First I grabbed up Mother. Then I relieved myself—fear made it easy. Then I skinned into my pants and boots, slapped in my teeth, thrust the blanket and knapsack into the shallow cave under the edge of the freeway, looking around me all the time so as not to be surprised from any quarter.

Meanwhile the girl had put on her boots, located her dart gun, unscrewed the pliers from her stump, put the knife in, and was arranging her scarf so it made a sling for the maimed arm—I wondered why but had no time to waste guessing, even if I'd wanted to, for at that moment a small dull silver plane, beetle-shaped more than anything else, loomed out of the haze beyond the cracking plant and came silently drifting down toward us.

The girl thrust her satchel into the cave and along with it her dart gun. I caught her idea and tucked Mother into my pants behind my back.

I'd thought from the first glimpse of it that the plane was disabled—I guess it was its silence that gave me the idea. This theory was confirmed when one of its very stubby wings or vanes touched a corner pillar of the cracking plant. The plane was moving in too slow a glide to be wrecked, in fact it was moving in a slower glide than I would have believed possible—but then it's many years since I have seen a plane in flight.

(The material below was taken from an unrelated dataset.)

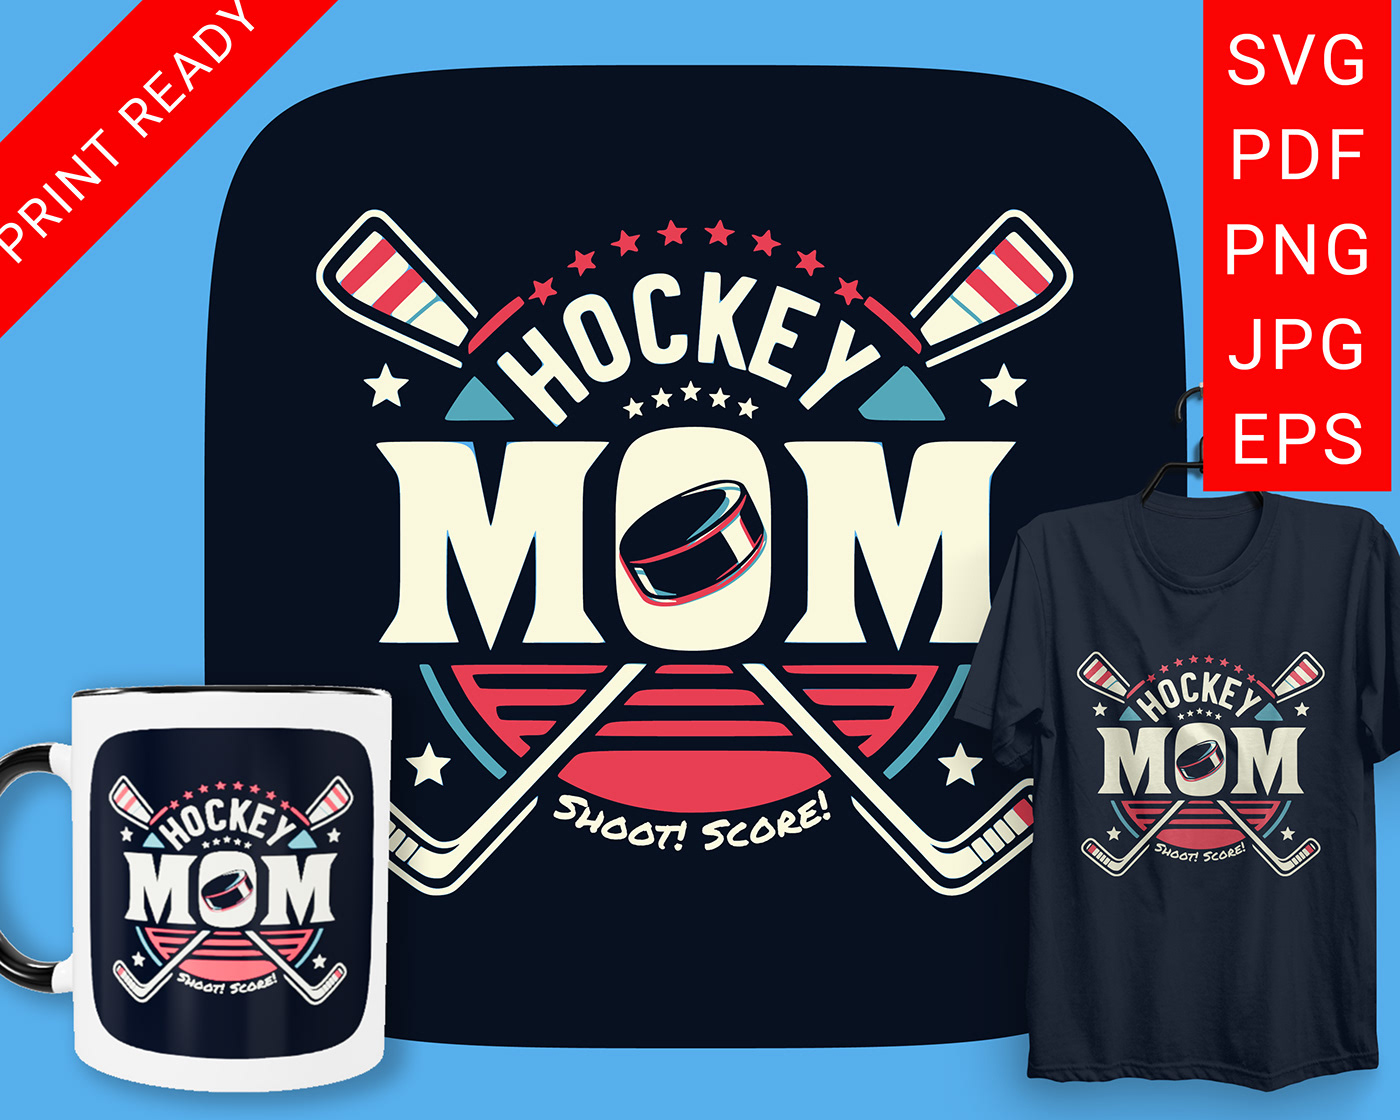 Hockey Mom SVG hockey logo on skates with the kids. prints for ma shirts, mugs. Print Ready
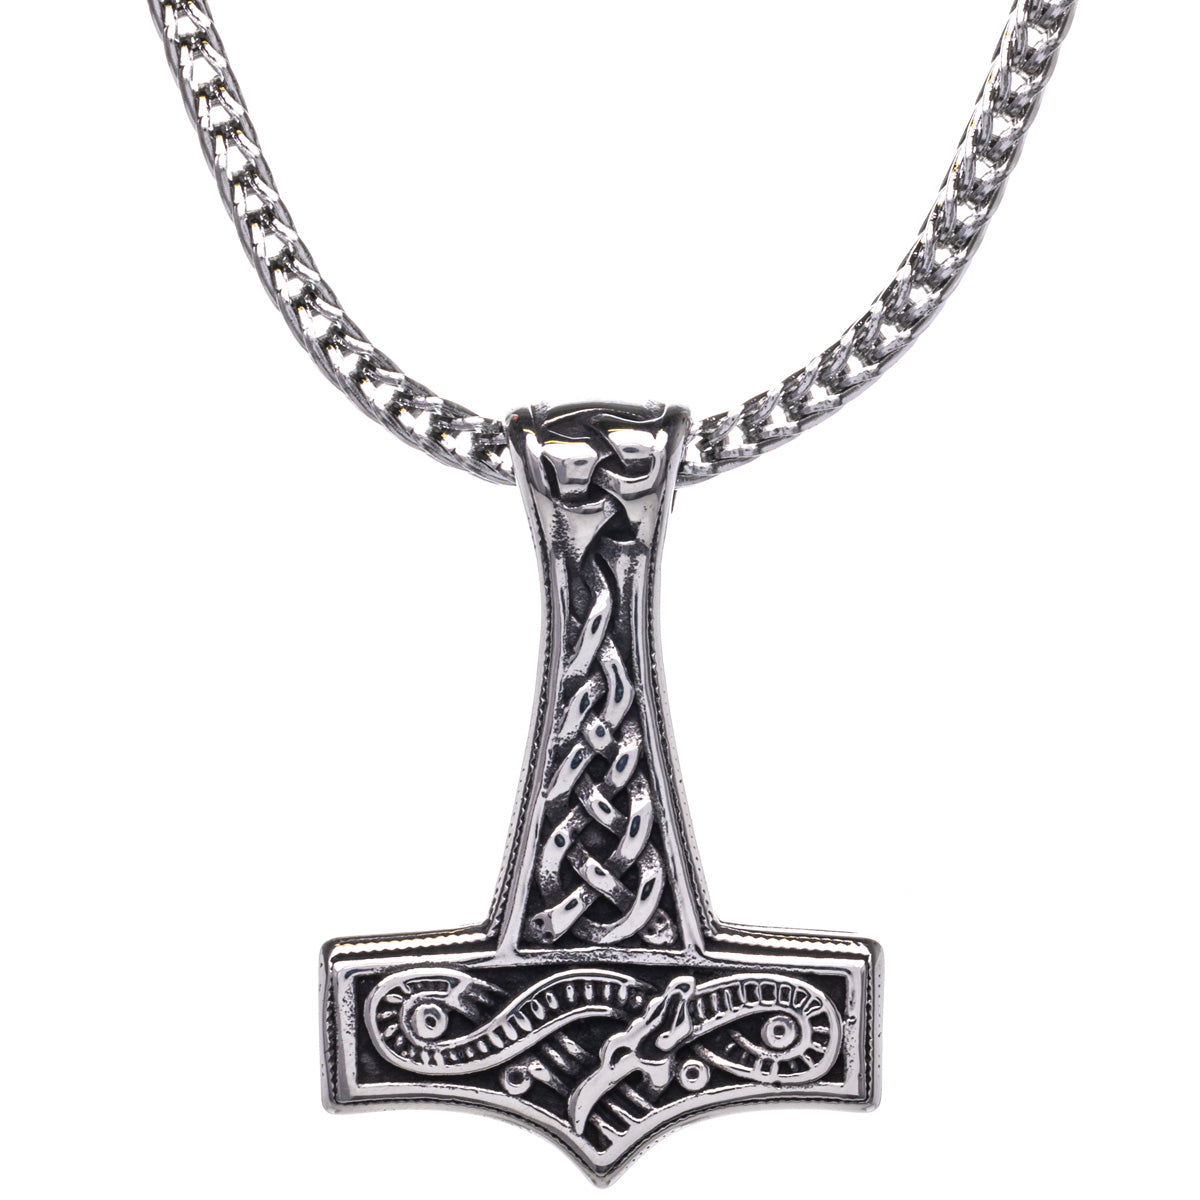 Steel Dragon Mjölnir Thor's hammer pendant necklace (Steel 316L)

It wasn't wrecked but the little collision spun it around twice in a lazy circle and it landed on the freeway with a scuffing noise not fifty feet from us. You couldn't exactly say it had crashed in, but it stayed at an odd tilt. It looked crippled all right.

An oval door in the plane opened and a man dropped lightly out on the concrete. And what a man! He was nearer seven feet tall than six, close-cropped blond hair, face and hands richly tanned, the rest of him covered by trim garments of a gleaming gray. He must have weighed as much as the two of us together, but he was beautifully built, muscular yet supple-seeming. His face looked brightly intelligent and even-tempered and kind.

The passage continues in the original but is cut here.